Summary
The central story of Living to Tell the Tale is Gabriel García Márquez’s journey with his mother to sell the home in which he had grown up. This journey sparks an outpouring of memories and initiates a theme of change—temporal, personal, and cultural—that pervades the book. Other significant themes include personal dignity and nostalgia. As with his other works, this text plays with chronology and weaves autobiographical episodes in and out of memory, popular culture, and historical context. As noted in the book’s opening epigraph, “Life is not what one lived, but what one remembers and how one remembers it in order to recount it.”
García Márquez’s memoir takes its shape against the backdrop of cultural, political, and literary events in Colombia, spanning three decades and describing the landscape of the region between the 1920’s and the 1950’s. The memoir’s narrative is stunning in its ability to bring to life the sociocultural setting that gave birth to one of Colombia’s most beloved literary figures. Nevertheless, the book received strong criticism for its excessively lengthy and at times seemingly unnecessary expository passages.
Readers familiar with the author’s works of fiction will find in this memoir numerous clues to his inspirations for settings, characters, plots, and many of the fantastic elements apparent in his fictions. Many elements of the story serve to highlight the Colombian landscape in which García Márquez’s personal narrative, as well as so many of his other stories, take place. Along the way, the reader meets many of the true-to-life individuals that are the basis for many of García Márquez’s more colorful characters. He also recounts some of the lore handed down to him by the elders of his family—stories, folklore, and superstitions that provide the context for some of his stories’ plot lines.

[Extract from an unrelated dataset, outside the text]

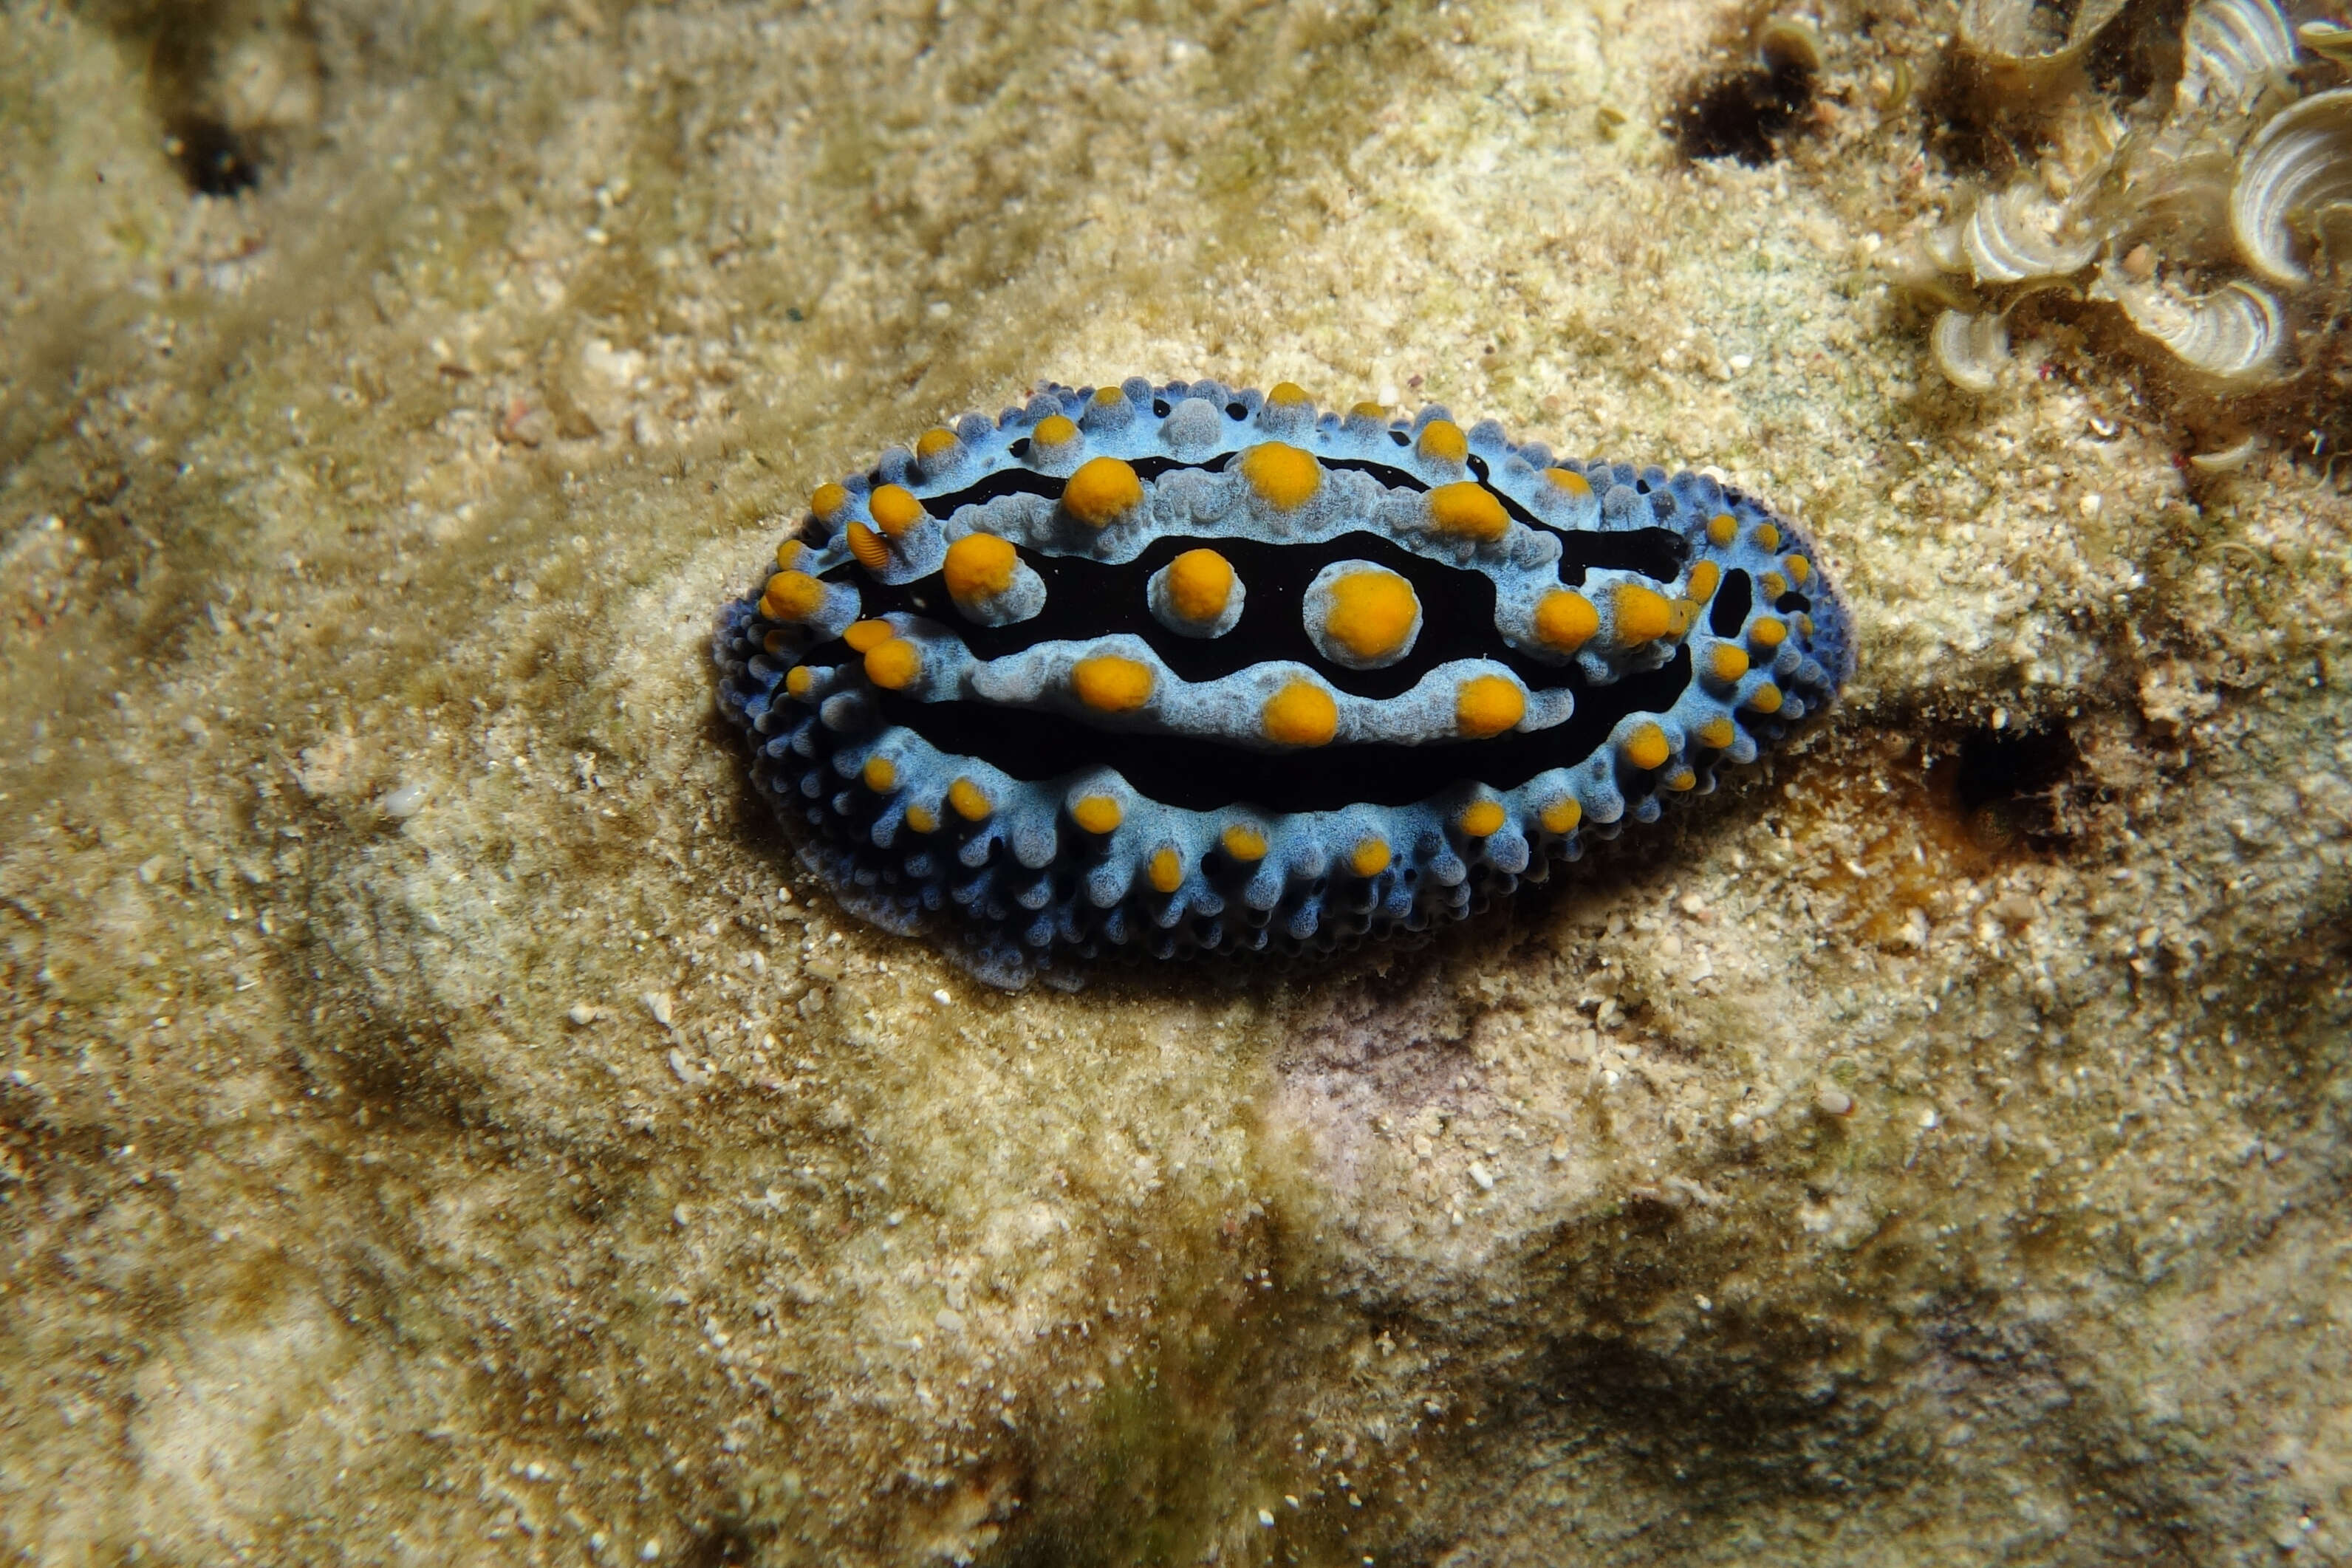 Image of Lumpy black blue orange slug

García Márquez frequently pauses to mention the incidents and moments in which he realized his path to becoming a writer. The first chapter outlines an argument with his mother regarding his career that takes place when he is in his early twenties. He makes clear to her his choice to become a writer, and throughout the rest of the book he justifies that decision through numerous anecdotes and tidbits of personal history. He describes the literary circles in which he made his first forays into authorship, and he mentions many established writers who were the inspiration for his own writing career—William Faulkner, James Joyce, and Joseph Conrad among them. His dedication to his personal journey toward becoming an author, journalist, and poet is an inspiration to budding writers of a later generation.
The memoir recounts many largely factual events and experiences that helped to shape García Márquez’s life and career. As a memoir and not a strict autobiography, the story at times veers toward the fantastic and unbelievable, with hyperbolized characters, odd coincidences, and some anecdotes that the author admits to having fabricated in his own memory. Though the tone of this work is inconsistent, drifting at times between the dryly accurate and the fantastically unbelievable, the work offers overall a literary window to the life of a literary man.
Review Sources
Booklist 100, no. 4 (October 15, 2003): 354.
Library Journal 128, no. 19 (November 15, 2003): 67.
New Statesman 132, no. 4665 (November 24, 2003): 49-50.
The New York Times, November 11, 2003, p. E1.
The New York Times Book Review, November 16, 2003, p. 8.
Publishers Weekly 249, no. 48 (December 9, 2002): 78.
Time 162, no. 20 (November 17, 2003): 140.
World Literature Today 77 (July-September, 2003): 75.